How do these help in optimizing reads/writes from the Iceberg Table?
Let's understand the approaches now before we dive into code.
Copy-on-Write
In this approach, if even a single row in a data file is updated or deleted, the associated data file is rewritten with the updated or deleted records.
The new snapshot of the table created because of these operations will point to this newer version of the data file. This is the default approach.
Before we dive into MOR, it's important to understand the Delete Files and what information these files have.
Delete Files
Delete files track which records in the dataset have been logically deleted and need to be ignored when a query engine tries to read the data from an Iceberg Table.
Delete files are created within each partition depending on the data file from where the record is logically deleted or updated.
There are 2 types of delete files based on how these delete files store delete records information.
Positional Delete Files
Positional Delete files store the exact position of the deleted records in the dataset. It keeps track of the file path of the data file along with the position of the deleted records in that file.
Equality Delete Files
Equality Delete Files stores the value of one or more columns of the deleted records. These column values are stored based on the condition used while deleting these records.
Delete Files are only supported by Iceberg v2 tables.
When I started understanding Delete files, the most curious question that I got was "How can I choose or configure that my table should use Positional or Euality Delete file while handling row-level updates?"
Turned out, there is no way as of now that lets you choose as a user for a specific Delete File type. It depends on how the DeleteFile Interface is implemented in the engine that is being used.
Alrighty, finally as now we know about delete files, let's take a look at the next approach and then off to the understanding it in code.
Merge-on-Read
In this approach, update or delete operations on the Iceberg Table, the existing data files are not rewritten. Instead, a delete file is generated that keeps track of which records need to be ignored.
In case of deleting records, the record entries are listed in a Delete File.
In case of updating records:
The records to be updated are listed in a delete file.
A new data file is created that contains only the updated records.
Configuring COW and MOR
Configuring COW or MOR for particular transactions is as simple as mentioning these in the table properties.
Keep in mind that these properties are the specifications and whether these work as expected or not depends on whether a query engine that is being used honors these or not. If not, you might end up in unexpected results.
Properties for configuring
write.delete.mode : Approach to use for delete transactions
write.update.mode: Approach to use for update transactions
write.merge.mode: Approach to use for merge transactions
These table properties can be defined during the creation of a table or can be added to a table using ALTER statement.
When to use which approach?
Before we get into when to use which approach, it's important to understand the pros and cons of using both COW and MOR and how these impact the read and write speed of the table.
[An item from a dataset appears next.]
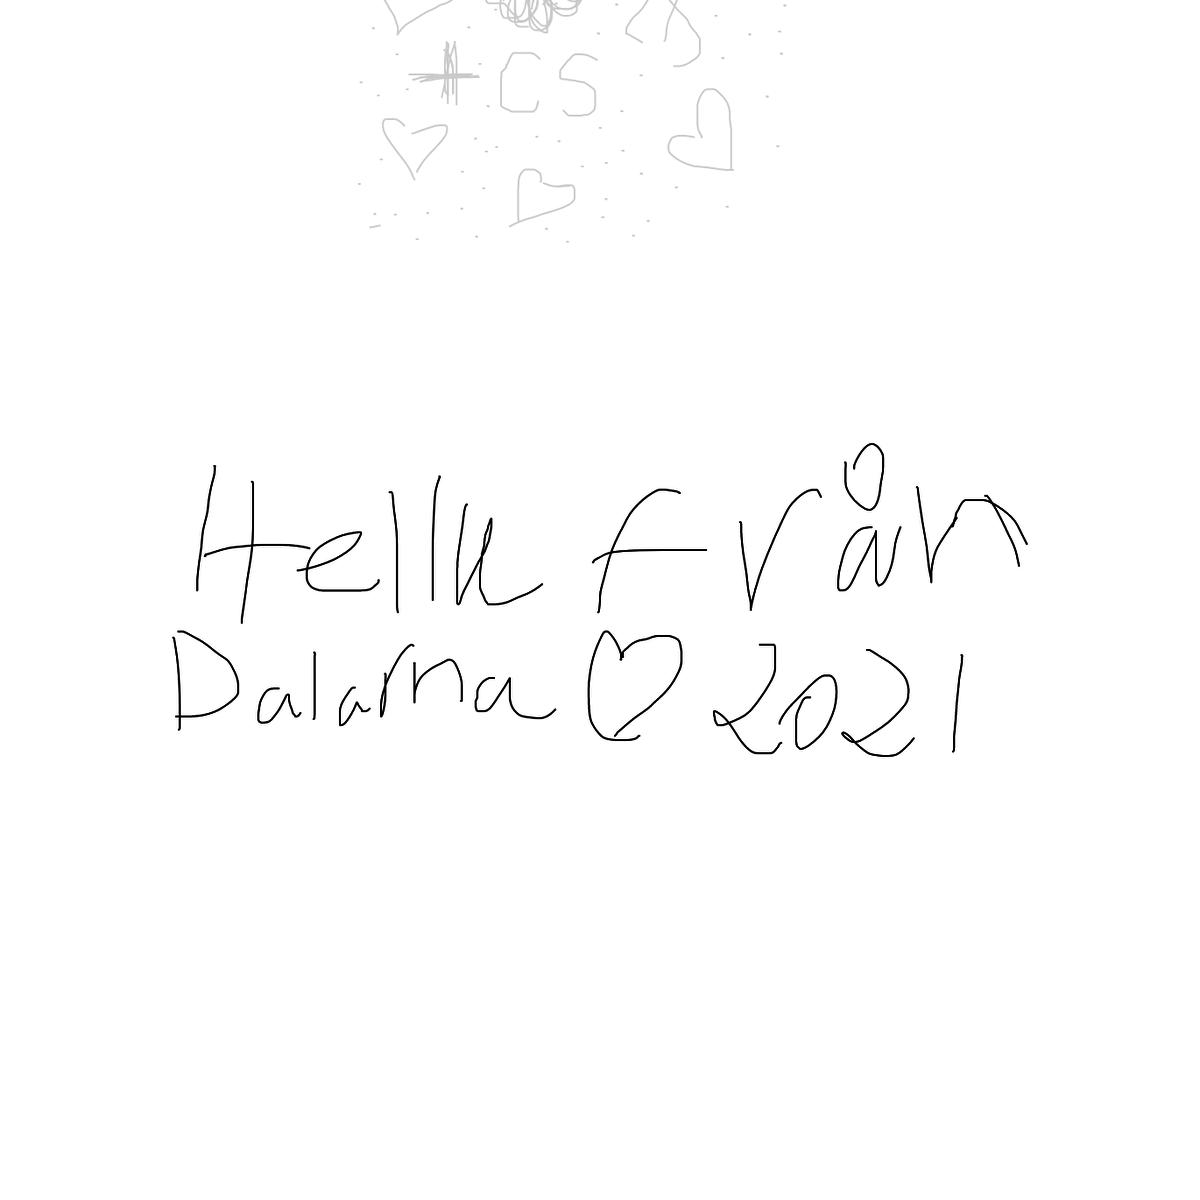 BAAAM drawing#24661 lat:57.7357368469238300lng: 12.9349431991577150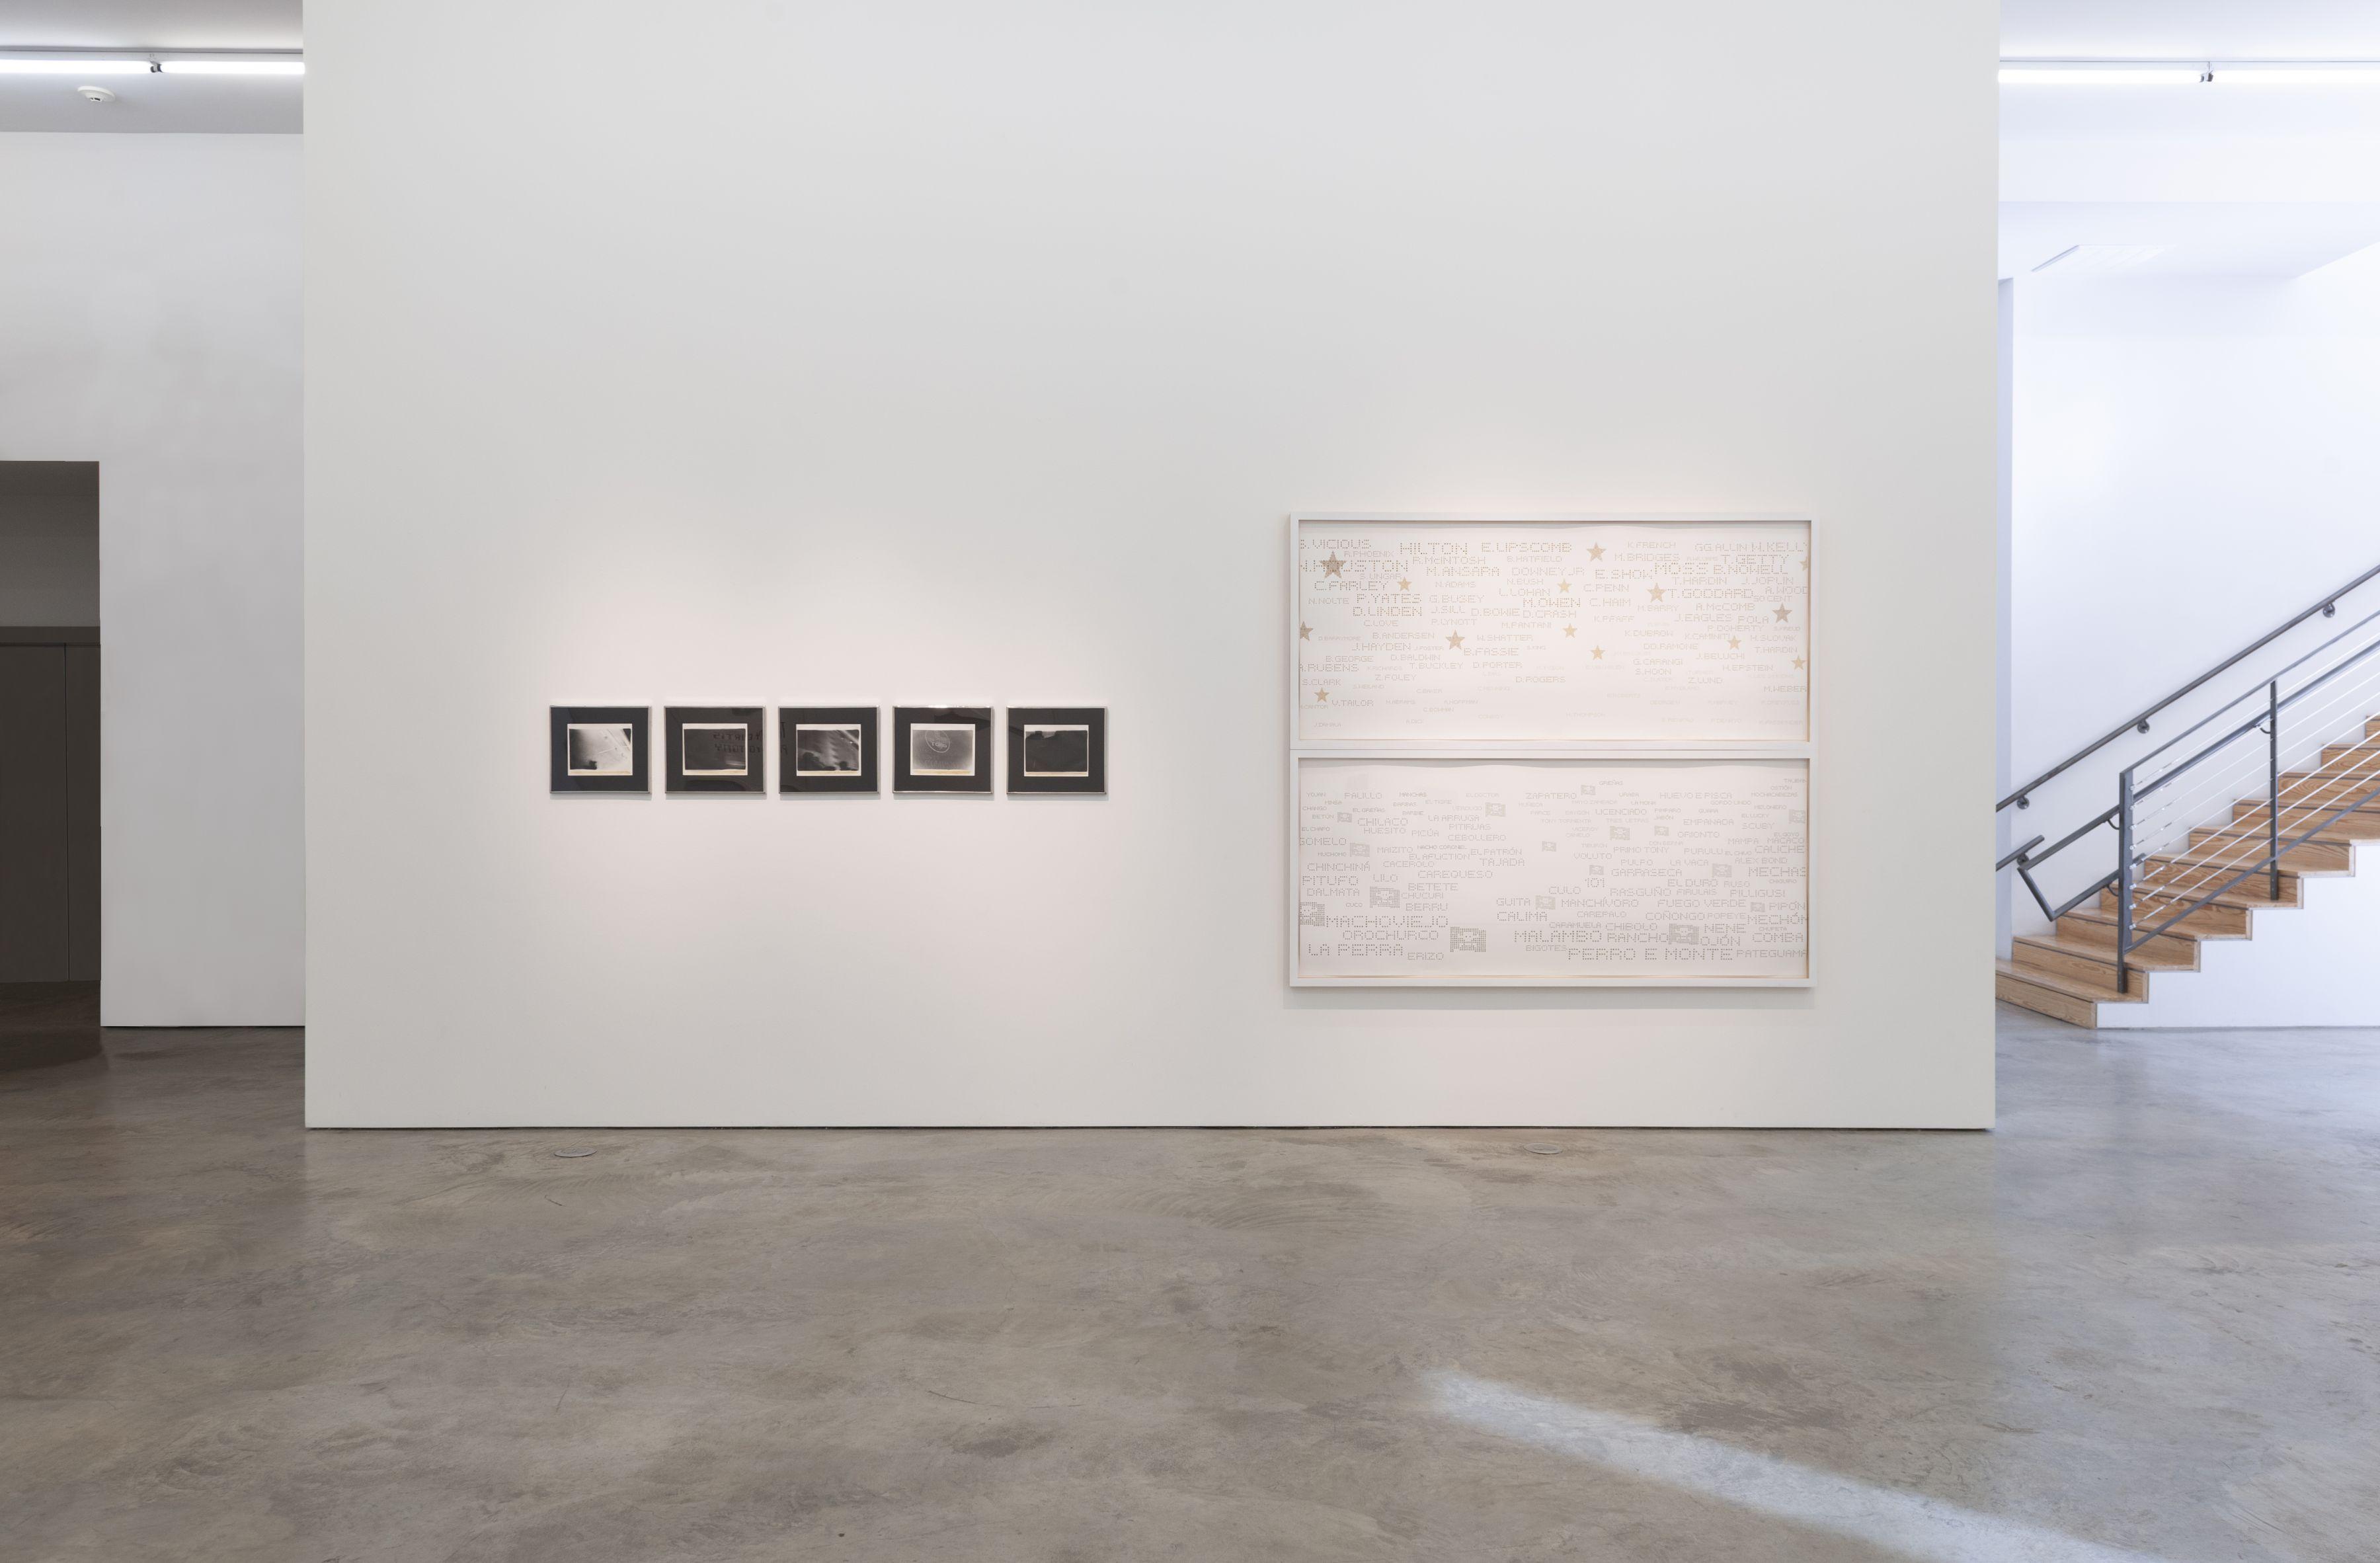 Miguel Ángel Rojas,Greed and Desire.Sicardi | Ayers | Bacino, 2018

Here's an idea to develop a quick intuition about read and write performance:
It's faster to read from a table if the query engine doesn't have to read lots of file and doesn't have to reconcile or do any additional work while reading the data. It's faster to write into a table if query engine has to write less data.
Now based on this, let's see:
COW: In case of row-level deletes/updates, it rewrites the entire file even if there is a single record is impacted. More data needs to be written that causes slower row-level Updates/Deletes. Data is read without reconciling. It writes any deleted or updated files, resulting in faster reads.
MOR: In case of row-level deletes/updates, it avoids rewriting the entire data file. It writes only the Delete File along with the updated data file in case of Updates i.e. basically writing less data and hence faster writes. Data is read along with reconciling any deleted or updated files, resulting in slower reads.
Here's the summarization of everything we have discussed in this
As for the performance of both of these approaches, here are some numbers provided by AWS on a blog, where they have run different row-level updates on 47.4GB of data multiple times.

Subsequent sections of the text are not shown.